Boy, the 2008 Oregon pinots are going to be a fun follow.

I have no idea if I'm going to love them but the development and life should be a long, great romp.

If only a touch more fresh acid on the finish existed.  IF. ONLY.

Right now...right now...the 2007 Antica Terra seems to be more together, more composed and expressive of what it is and is going to be.

The 2008 is a bit scatterbrained but precocious.  The talent is there but too many thoughts are floating around in its brain to know what it wants to be.  "I want to be a scientist!  I want to be a astronaut!"

There's no doubt this is going to be a good wine.  Right now, it's a waiting game. Delicious stuff but too all over the place to enjoy it by itself.  With food, with the best freakin' tuna on the planet, the wine followed the food lead like a good little soldier waiting for its time in the sun.

Food:  Blood orange, black olive and pomegranate seed tuna over frisée with Seeduction bread, rose petal jam and Kerrygold butter

Still.  Best.  Tuna.  Ever.  


Ubuntu in Napa and this tuna last January were two of the biggest surprises and best meals we had last year.
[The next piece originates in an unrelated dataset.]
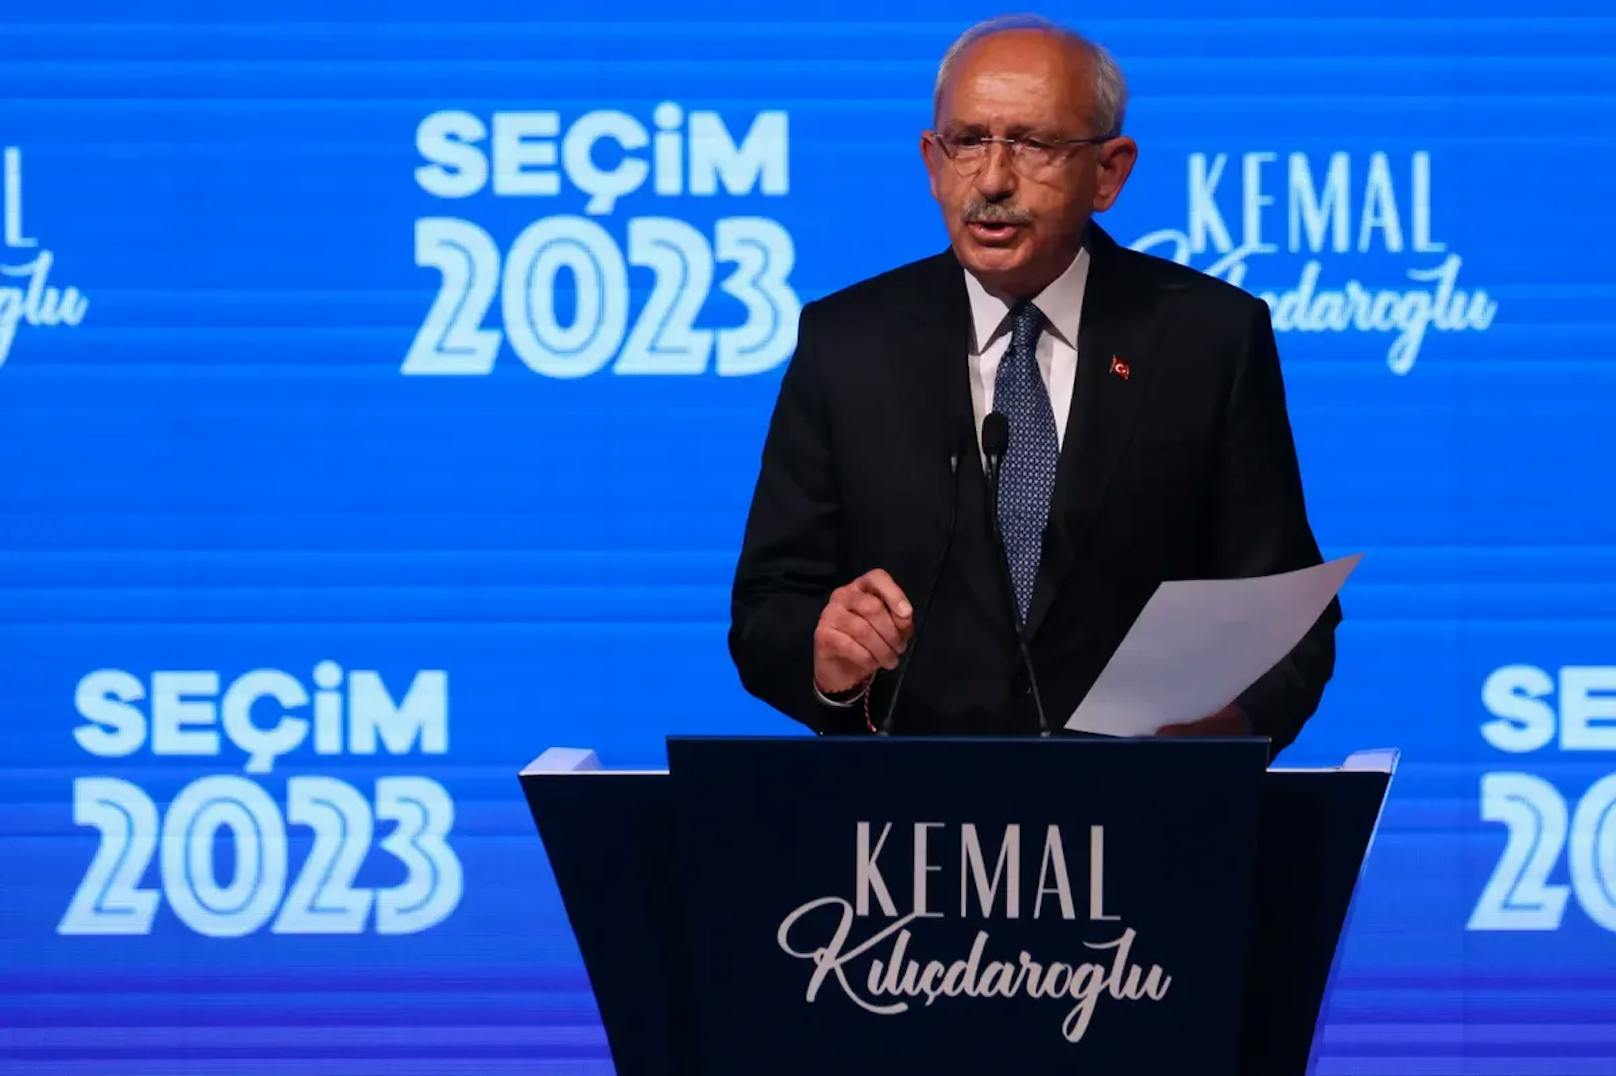 Türkei-Wahl: "Stichwahl wird für Opposition schwierig"

Can't say much more than what's already been said about this food.  Mrs. Ney added beets in the past and it was delicious but not particularly needed to get to such great heights.

The recipe:

Tuna: 12 oz piece: crusted with:
      (1 tsp coriander seeds
      1/2 tsp pink peppercorns
      1/2 tsp szechuan peppercorns
      seeds from 5 cardamom pods
      1/2 tsp fleur de sel
      4 thin slices peeled ginger,
      mashed all together in mortar & pestle - from Around My French Table)
Blood orange suprèmes and gaeta olives (shallot, thyme, cumin seeds, walnut oil)
All over frisée
Seeduction bread, Kerrygold butter, French rose petal jam

Probably the cleanest meal with some of the prettiest flavors in the world.
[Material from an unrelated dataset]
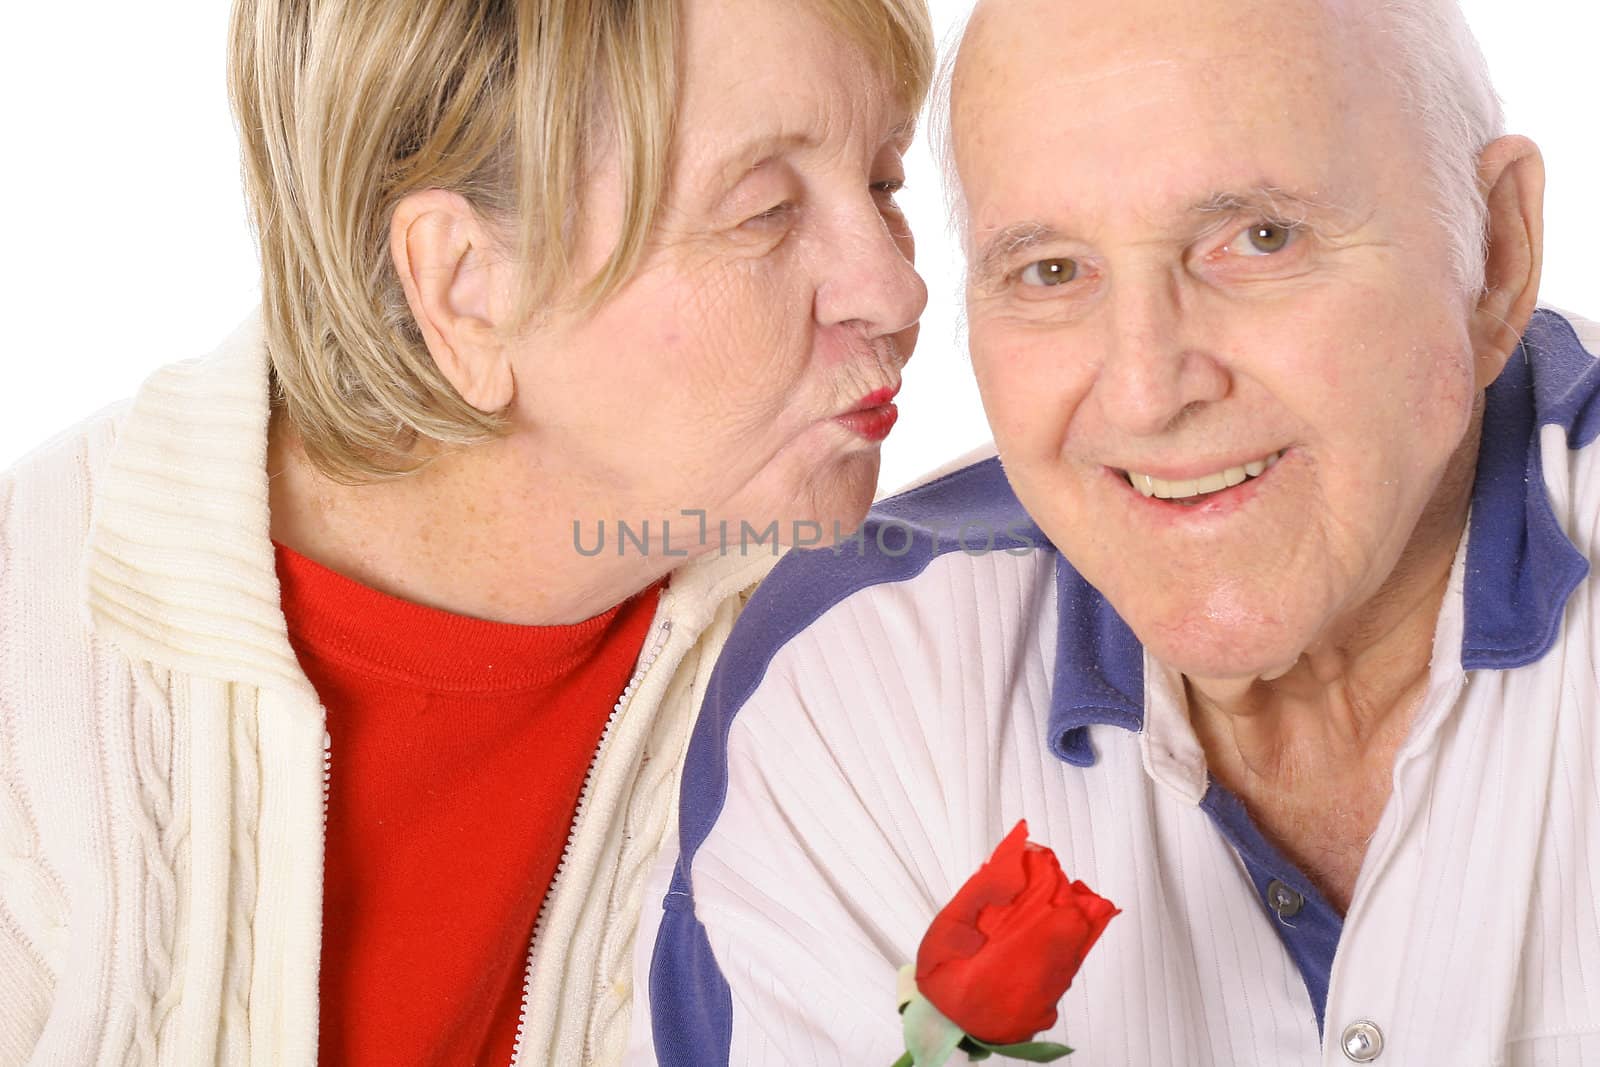 seniors valentines kiss

Deathbed meal in many ways.

Very good with the wine but we wanted the Ponzi/Ken Wright acid we've had with this tuna.

Wine:  2008 Antica Terra Pinot Noir Willamette Valley ($45 - WDC)
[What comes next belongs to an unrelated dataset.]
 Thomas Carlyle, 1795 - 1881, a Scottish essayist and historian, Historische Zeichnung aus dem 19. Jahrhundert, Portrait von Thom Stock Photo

Bursted out of the glass upon first pop.  Screamed "BLAH! I'M OUT AND PROUD!!" with huge darker red fruits, twiggy mud, smoke and spice right away, bucking all over the place.  Threw it in the decanter 15 minutes before eating and it settled to a nice point.  Very young right now but tamable.

Swirling darker red fruits with a touch a creamy dark chocolate and a touch of mud dominated.  A big one.  Bit of tea but not prominent.  Bit of forest floor but not prominent.  Tasted overall like everything that Oregon pinot is but no single element or group of elements are taking the lead right now.  Not muddled, just not settled or showing direction.

That said, it's certainly enjoyable at present to an extent as it's showing some great structure, nice pause-worthy sips and chockablock with wonderful New World pinot nuggets.  I wonder how dark and brooding it will end up being.  Seems heading that way.  We worry about the acid finish.  Somewhat flat on the finish.  We missed the lift on the finish that provides that great Oregon coda, summing up all that came before.

Antica Terra, a wine from Maggie Harrison of Sine Qua Non fame, is too good not to buy at least once a vintage.  We thought that after the 2007.  The 2008 confirmed such things and seems like a prime candidate to see how a wine from a very ripe Oregon vintage settles in the hands of a good winemaker.

We didn't get into Oregon wines until the 2005 vintage so we haven't experienced this level of ripeness over time.  We liked this one well enough to think about getting another and following.  Could be an education.

Pairing:  89  It was about the tuna as it always is but the wine mostly kept up

A minimum level of pinot noir goodness sufficed here.

But without a match-matchy acid to match the pomegranate seeds, we both found it lacking that last great, important pairing element.  Some nice spice match-up helped and the wine had the guts to stand up to the olives in a pretty way, turning the wine darker, more gnarly and medium-bodied, like a glimpse into what it might become.

It was a pairing that was more "in the end, this was good" more than "by golly, each bite and sip is delicious!"

We really liked the flavors.  The flavors in the wine didn't extend the enjoyment of everything in its totality though in ways we've had in the past with other Oregon numbers and similar tuna preps, like Ponzi, Ken Wright and Evening Land or the Champagne wonder that is Larmandier-Bernier Rosé de Saignée.  Stayed in the conversation but never seriously challenged.